Fin3R is a fine-tuning method designed to enhance the geometric accuracy and robustness of feed-forward 3D reconstruction models, while preserving their multi-view capability.
First, clone this repository to your local machine, and install the dependencies (torch, torchvision, numpy, Pillow, and huggingface_hub).
git clone git@github.com:Visual-AI/Fin3R.git
cd Fin3R
pip install -r requirements.txtYou just need to apply lora weight by a single line of code.
model.apply_lora(lora_path = 'checkpoints/vggt_lora.pth')
Following VGGT demo, you can use it by:
import torch
from vggt.models.vggt import VGGT
from vggt.utils.load_fn import load_and_preprocess_images
device = "cuda" if torch.cuda.is_available() else "cpu"
# bfloat16 is supported on Ampere GPUs (Compute Capability 8.0+)
dtype = torch.bfloat16 if torch.cuda.get_device_capability()[0] >= 8 else torch.float16
# Initialize the model and load the pretrained weights.
# This will automatically download the model weights the first time it's run, which may take a while.
model = VGGT.from_pretrained("facebook/VGGT-1B").to(device)
# Add Fin3R Lora weight here!
model.apply_lora(lora_path = 'checkpoints/vggt_lora.pth')
# Load and preprocess example images (replace with your own image paths)
image_names = ["path/to/imageA.png", "path/to/imageB.png", "path/to/imageC.png"]

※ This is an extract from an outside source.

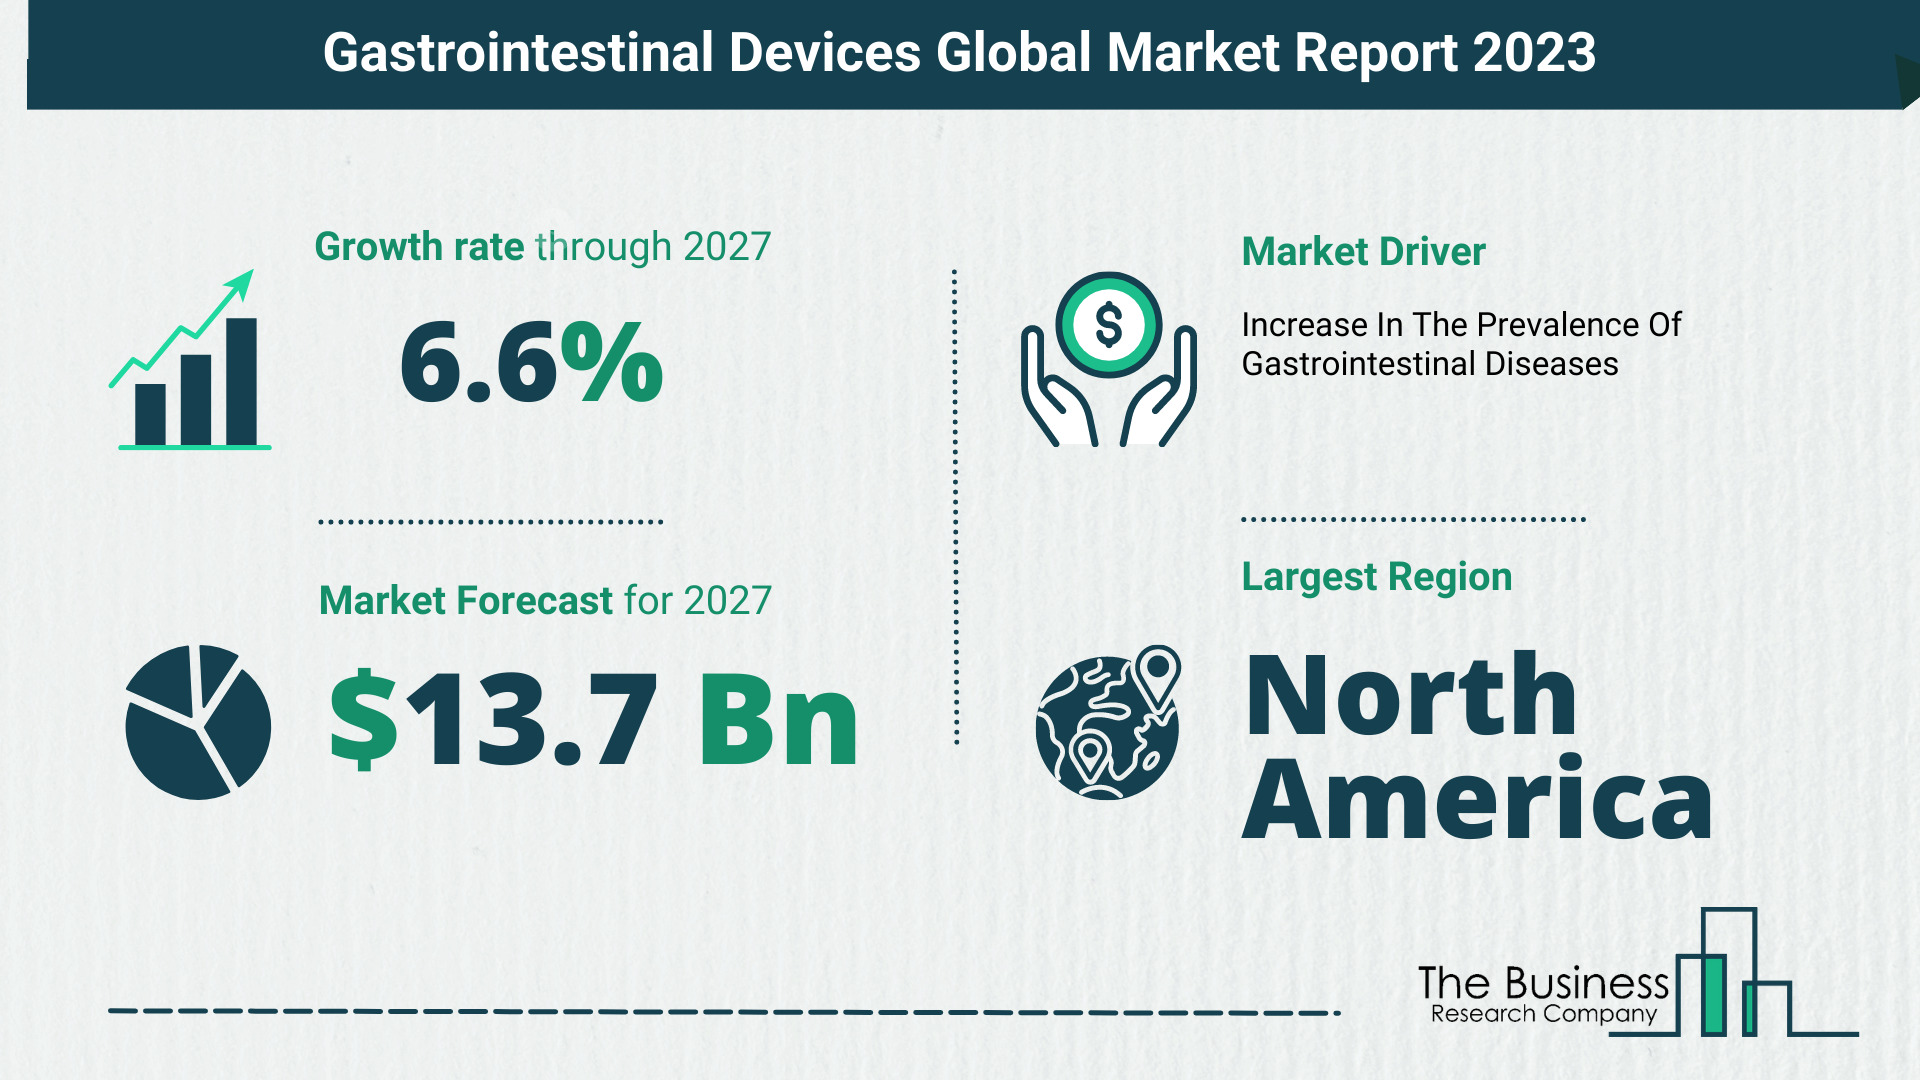 What Will The Gastrointestinal Devices Market Look Like In 2023?

images = load_and_preprocess_images(image_names).to(device)
with torch.no_grad():
with torch.cuda.amp.autocast(dtype=dtype):
# Predict attributes including cameras, depth maps, and point maps.
predictions = model(images)The VGGT weights will be automatically downloaded from Hugging Face. If you encounter issues such as slow loading, you can manually download them here and load, or:
model = VGGT()
_URL = "https://huggingface.co/facebook/VGGT-1B/resolve/main/model.pt"

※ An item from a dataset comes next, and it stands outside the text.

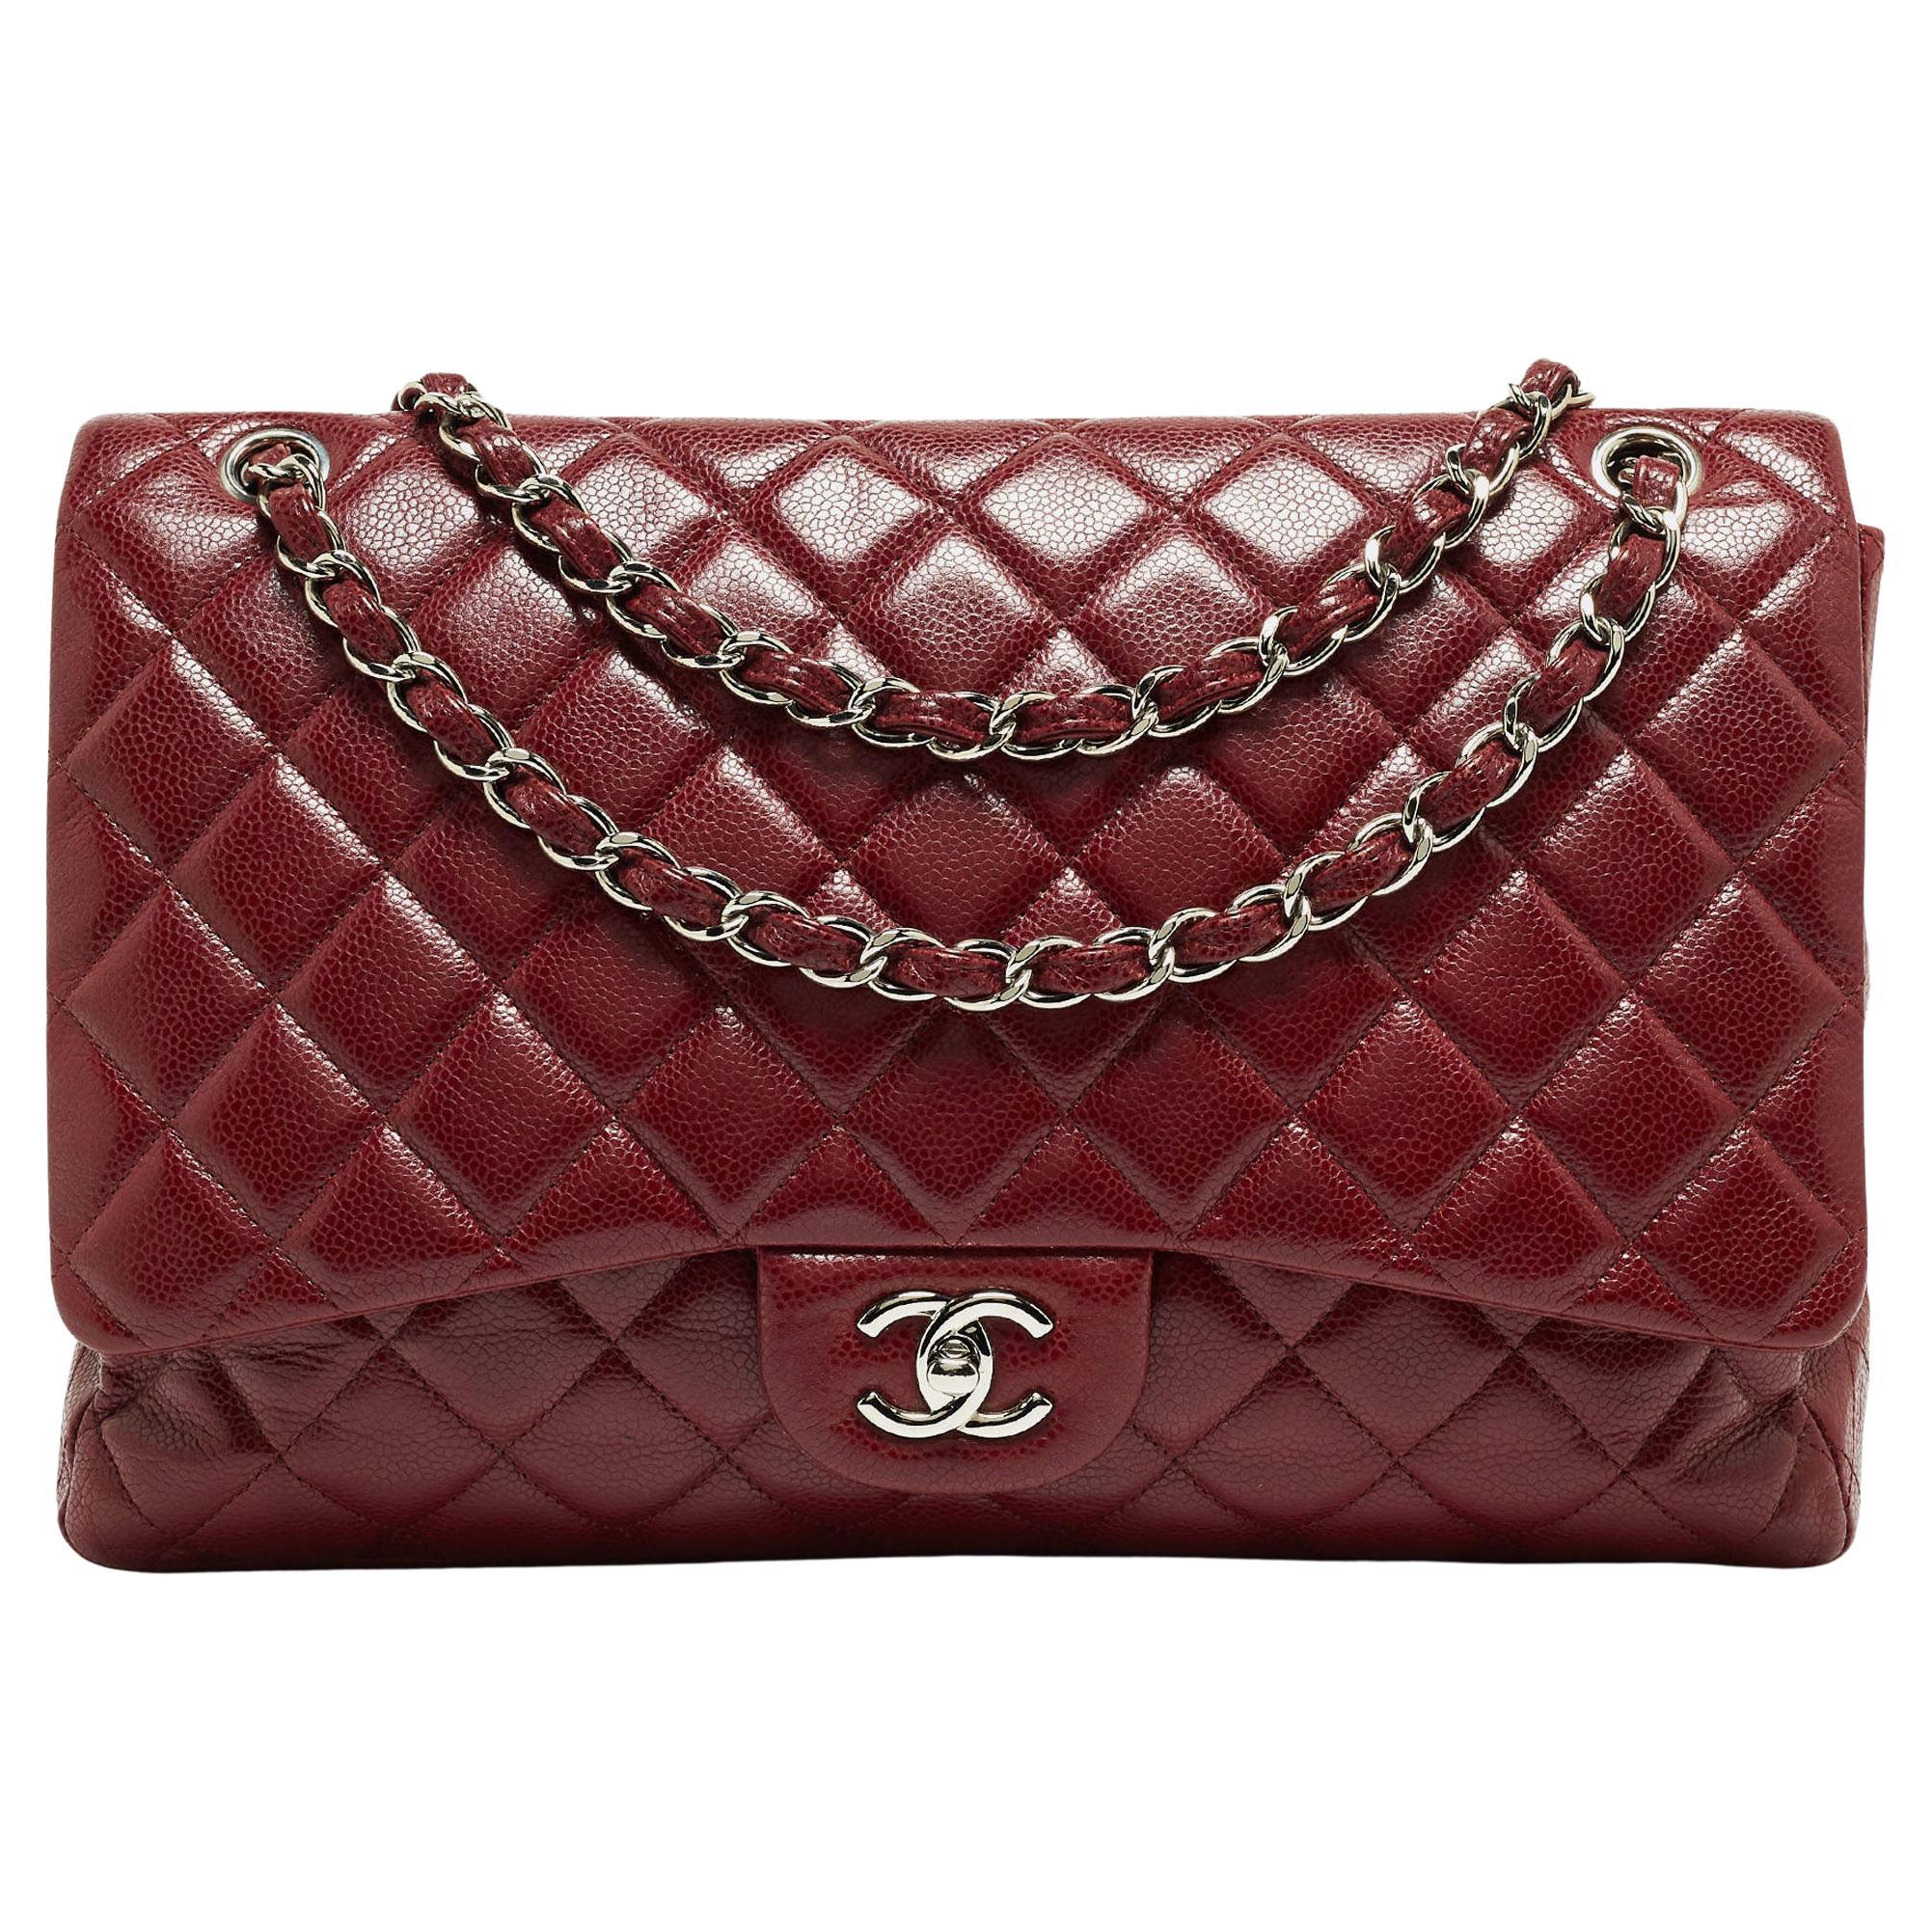 Chanel Burgundy Quilted Caviar Leather Maxi Classic Single Flap Bag For Sale

model.load_state_dict(torch.hub.load_state_dict_from_url(_URL))
model.apply_lora(lora_path = 'checkpoints/vggt_lora.pth')Following Pi3 evaluation code. The pointmap estimation results from two heads are as following:
| Method | DTU | |||||
|---|---|---|---|---|---|---|
| Acc. Mean | Acc. Med. | Comp. Mean | Comp. Med. | N.C. Mean | N.C. Med. | |
| VGGT cam+depth | 1.298 | 0.754 | 1.964 | 1.033 | 0.666 | 0.752 |
| Fin3R cam+depth | 1.124 | 0.630 | 1.626 | 0.624 | 0.678 | 0.768 |
| VGGT pointmap | 1.184 | 0.713 | 2.224 | 1.297 | 0.694 | 0.777 |
| Fin3R pointmap | 0.978 | 0.530 | 1.934 | 0.891 | 0.697 | 0.785 |
| Method | ETH3D | |||||
|---|---|---|---|---|---|---|
| Acc. Mean | Acc. Med. | Comp. Mean | Comp. Med. | N.C. Mean | N.C. Med. | |
| VGGT cam+depth | 0.285 | 0.195 | 0.338 | 0.213 | 0.834 | 0.931 |
| Fin3R cam+depth | 0.234 | 0.143 | 0.202 | 0.113 | 0.853 | 0.970 |
| VGGT pointmap | 0.292 | 0.197 | 0.365 | 0.224 | 0.843 | 0.935 |
| Fin3R pointmap | 0.232 | 0.144 | 0.202 | 0.118 | 0.857 | 0.968 |
Checkpoints for DUSt3R, MASt3R, CUT3R and VGGT can be found at Google Drive.
Based on the original demo provided by VGGT, we also provide multiple ways to visualize your 3D reconstructions. Before using these visualization tools, install the required dependencies:
pip install -r requirements_demo.txtPlease note: VGGT typically reconstructs a scene in less than 1 second. However, visualizing 3D points may take tens of seconds due to third-party rendering, independent of VGGT's processing time. The visualization is slow especially when the number of images is large.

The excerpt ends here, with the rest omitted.